Sample minimap data from replay at index.

Parameters:: index – Index from replay to sample from
Returns:: Minimap data transformed into an tensor [C,H,W] of the layers specified by minimapFeatureFlags

inline auto sampleScalars(std::size_t index) const

Sample scalar data from replay at index.

Parameters:: index – Index from replay to sample from
Returns:: Scalar data transformed into a vector

inline auto size() const noexcept -> std::size_t

Number of timesteps in the replay.

Returns:: Number of timesteps in the replay

inline auto empty() const noexcept -> bool

Check if the replay/parser is empty.

Returns:: True if empty

inline auto data() const noexcept -> const auto&

Read-only reference to the currently loaded data.

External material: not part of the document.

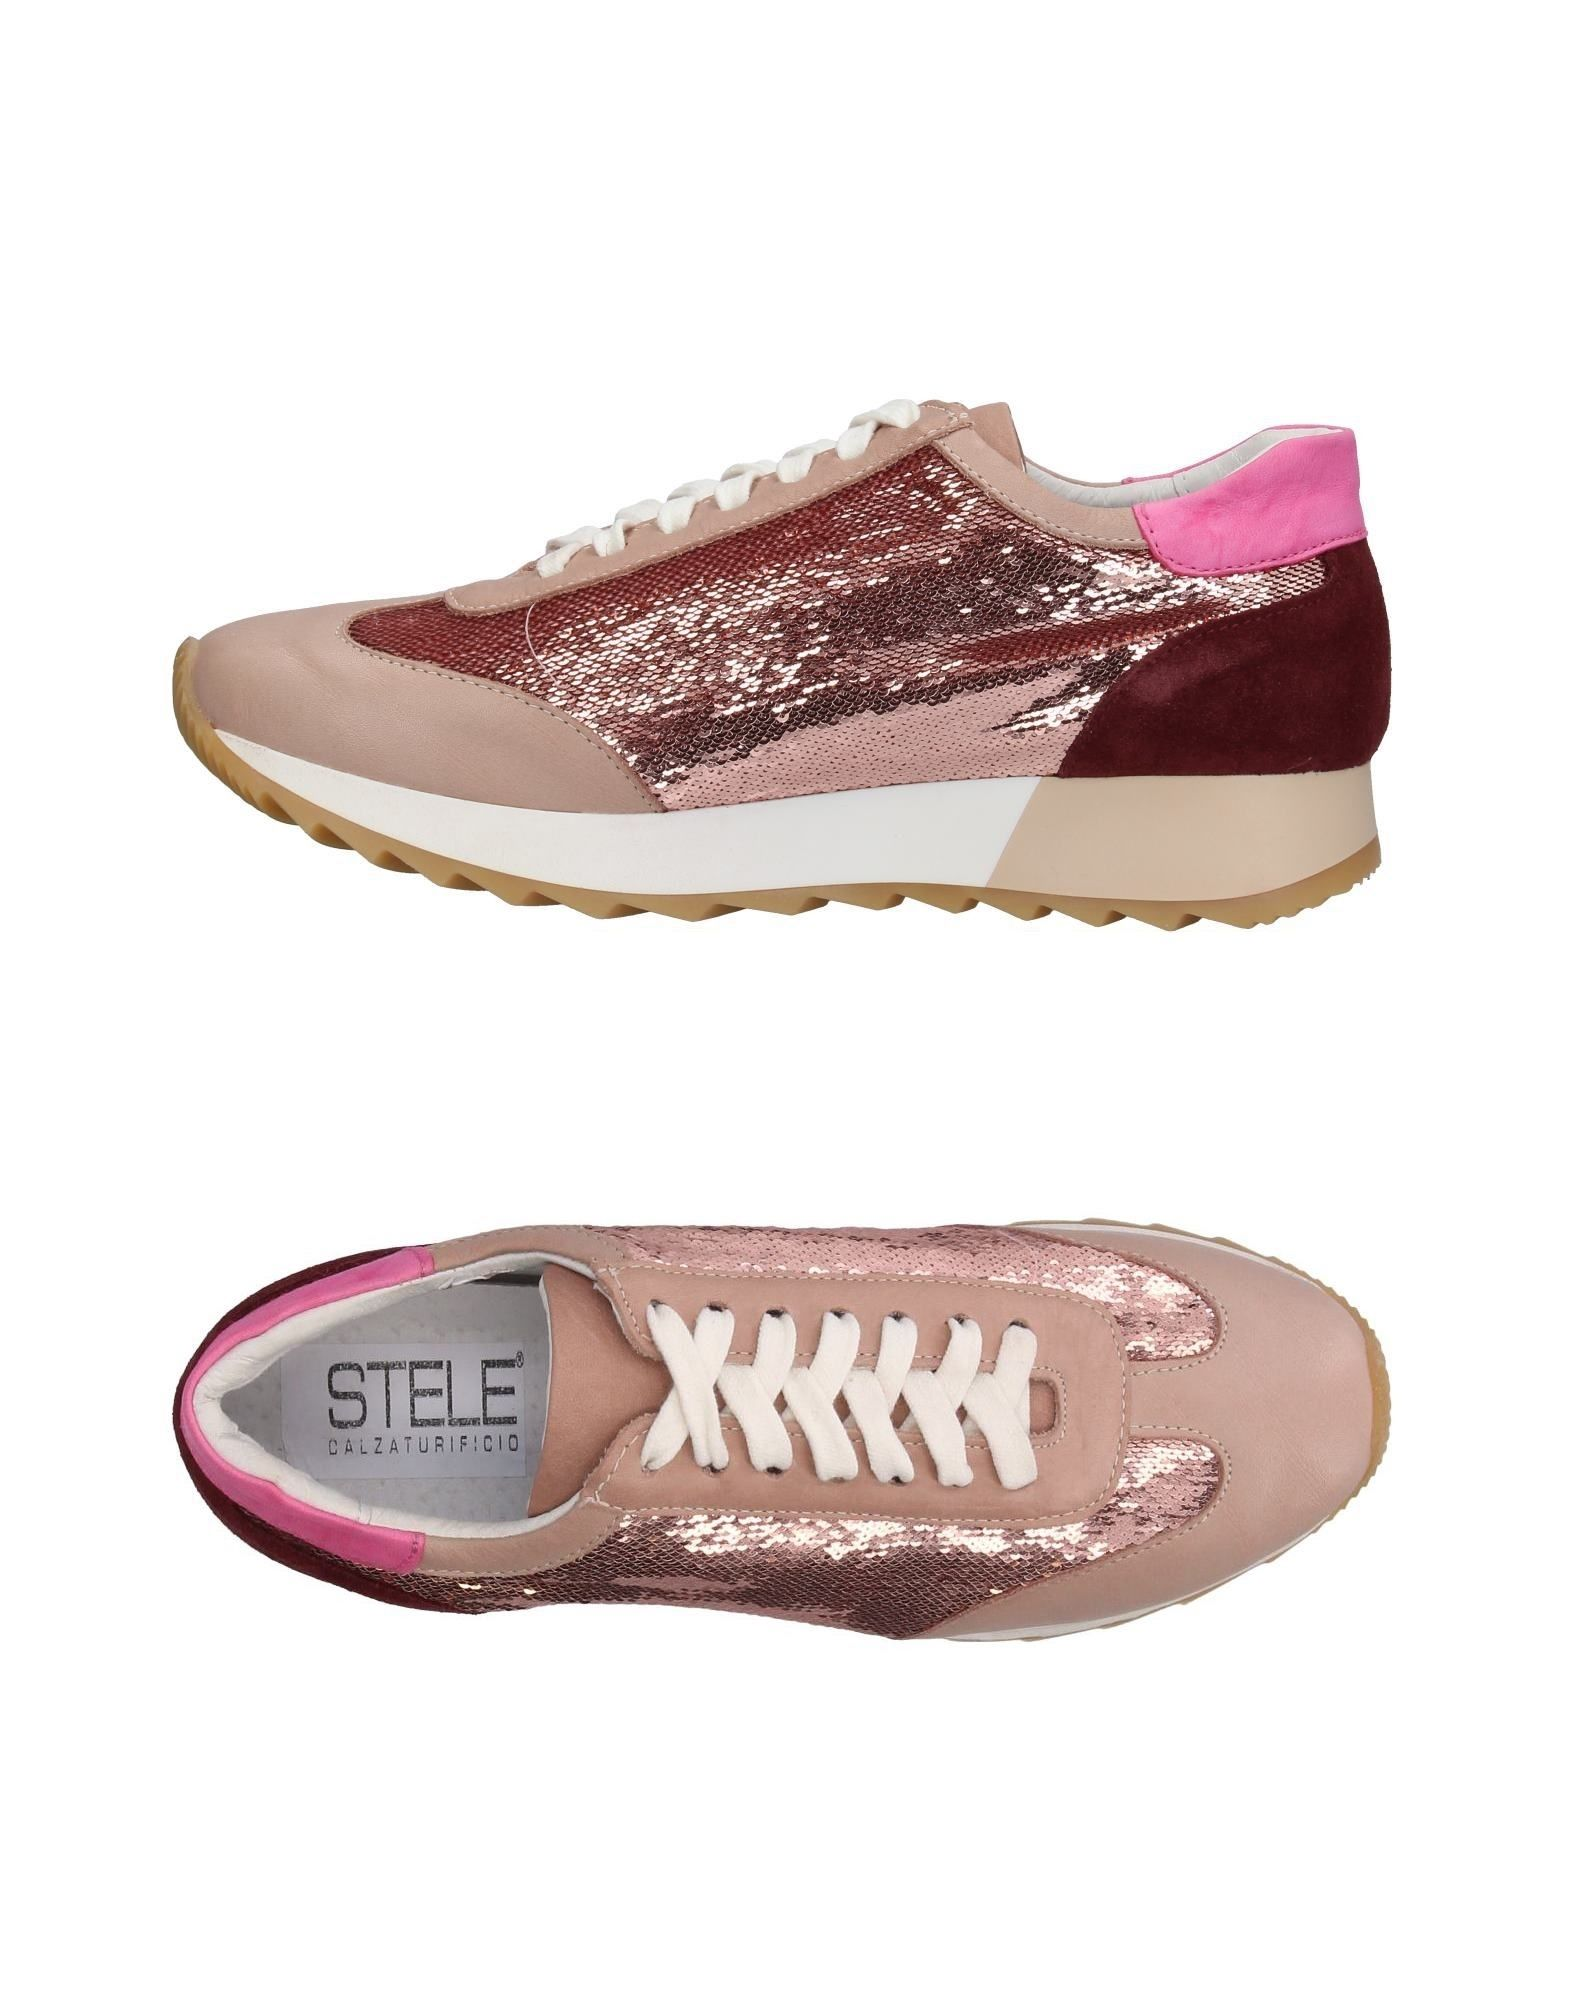 Stele Sneakers Damen  11375425UB Gute Qualität beliebte Schuhe

Returns:: Read-only reference to the currently loaded replay data

inline auto info() const noexcept -> const ReplayInfo&

Read-only reference to the currently loaded replay header.

Returns:: Read-only reference to the currently loaded replay header

Private Types

using feature_t = float

using step_data_t = typename ReplayDataType::step_type

Private Members

UpgradeState upgrade_: Upgrade timing calculator.

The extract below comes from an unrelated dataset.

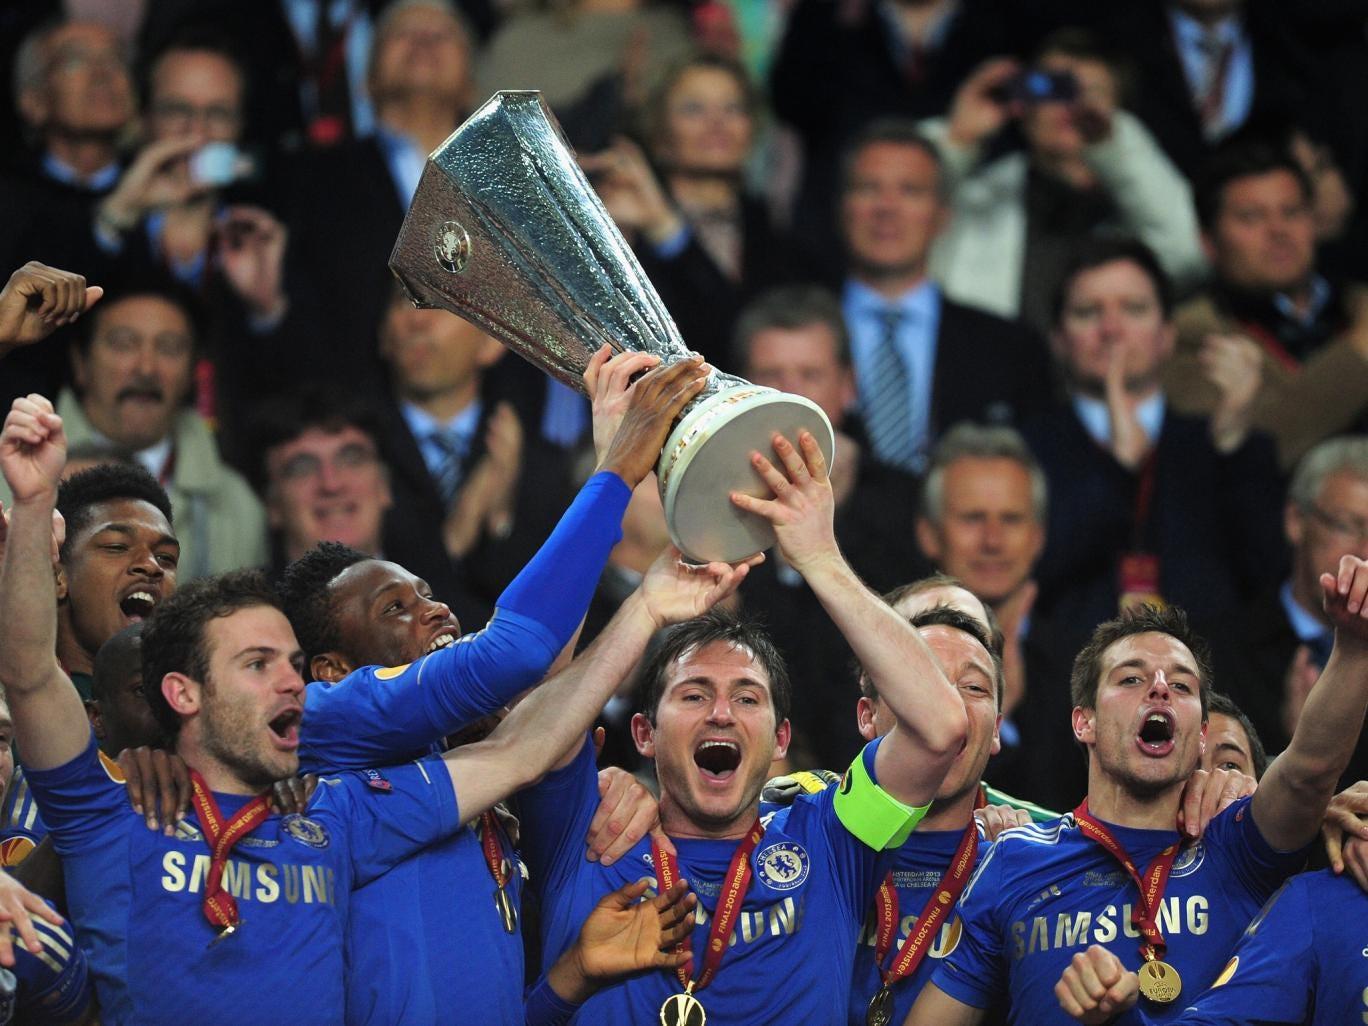 Frank Lampard lifts the Europa League trophy

ReplayDataType replayData_ = {}: Replay data.

MinimapFeatureFlags minimapFeatureFlags_ = {}: Minimap feature flags requested.

bool expandPlayerRelative_ = {true}: Flag to expand player relative from enum to one-hot in minimap.

class UpgradeState

#include <replay_parsing.hpp>

UpgradeState class loads information stored in yaml and determines the time points of the game when an upgrade is active for the player. This class can be queried with getState with a gameStep to return a one-hot encoding of the currently active upgrades.

Public Functions

explicit UpgradeState(std::filesystem::path dataFile)

Create upgrade timing instance using information based on dataFile.

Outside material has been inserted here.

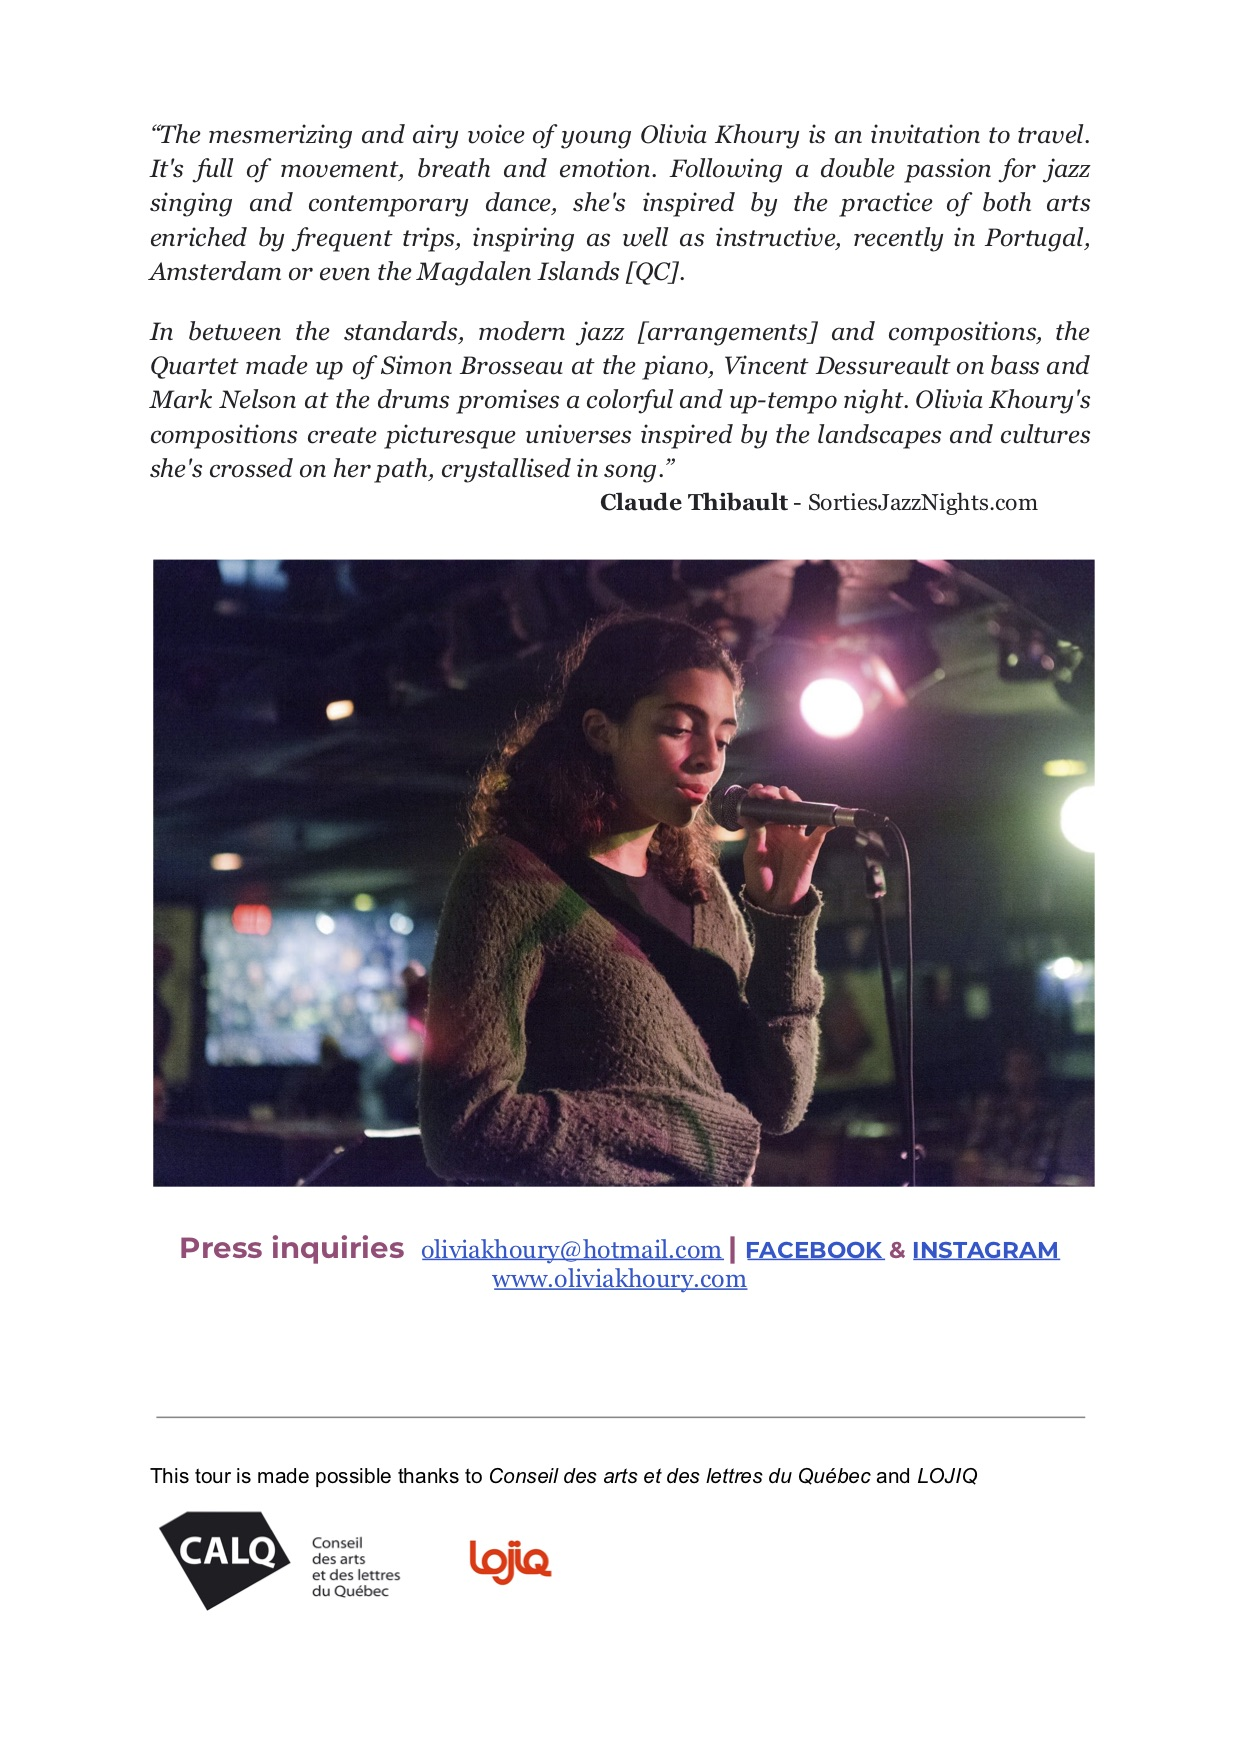 PRESS RELEASE OLIVIA KHOURY TOUR TORONTO 1.jpg

Parameters:: dataFile – Path to the yaml containing upgrade action data for each game version and race.

void setVersion(std::string_view version)

Set the version of the game.

Parameters:: version – string description of the game version i.e. 4.9.1.12345

void setRace(Race race) noexcept

Set the race of the player.

Parameters:: race – The race to set

void calculateTimes(const std::vector<std::vector<Action>> &playerActions, const std::vector<unsigned int> &gameTime)

Calculate and set the expected reserach completion times based on the actions and their timepoint.

Parameters:

playerActions – Vector of actions the player has performed at each timepoint
gameTime – The timepoint in the game each action is associated with

template<typename T> inline auto getState(std::size_t timeIdx) const -> py::array_t<T>

Get a one-hot encoding vector of the state of upgrades (0 false, 1 true)

Template Parameters:: T – datatype of the one-hot encoding
Parameters:: timeIdx – The timepoint to calculate the state of upgrades
Returns:: one-hot encoding of currently active upgrades as a py::array

Private Functions

auto getValidIds() const -> const std::set<int>&

Get the set of actions ids that correspond to upgrade actions based on currentRace_ and gameVersion_.

Returns:: Set of upgrade actions

auto getValidRemap() const -> const std::unordered_map<int, std::array<int, 3>>&

Get remapping of generic tiered “upgrade” action to the distinct tiers.

Returns:: Mapping from generic tiered action id to actual tier ids.

void loadInfo(): Fill out the id2delay_ mapping with the information from dataFile_ based on the currentRace_ and gameVersion_.

Private Members

std::filesystem::path dataFile_: Path to yaml file that contains upgrade action data from each game version and faction.

std::unordered_map<std::string, std::unordered_map<int, int>> gameVersion2id2delay_ = {}: Mapping from action/upgrade id to the time it takes to research in game steps.

Race currentRace_ = {Race::Random}: Current race of the player.

std::vector<int32_t> upgradeTimes_ = {}: The times when the upgrade is active for the player.

std::string gameVersion_ = {}: The current version of the game.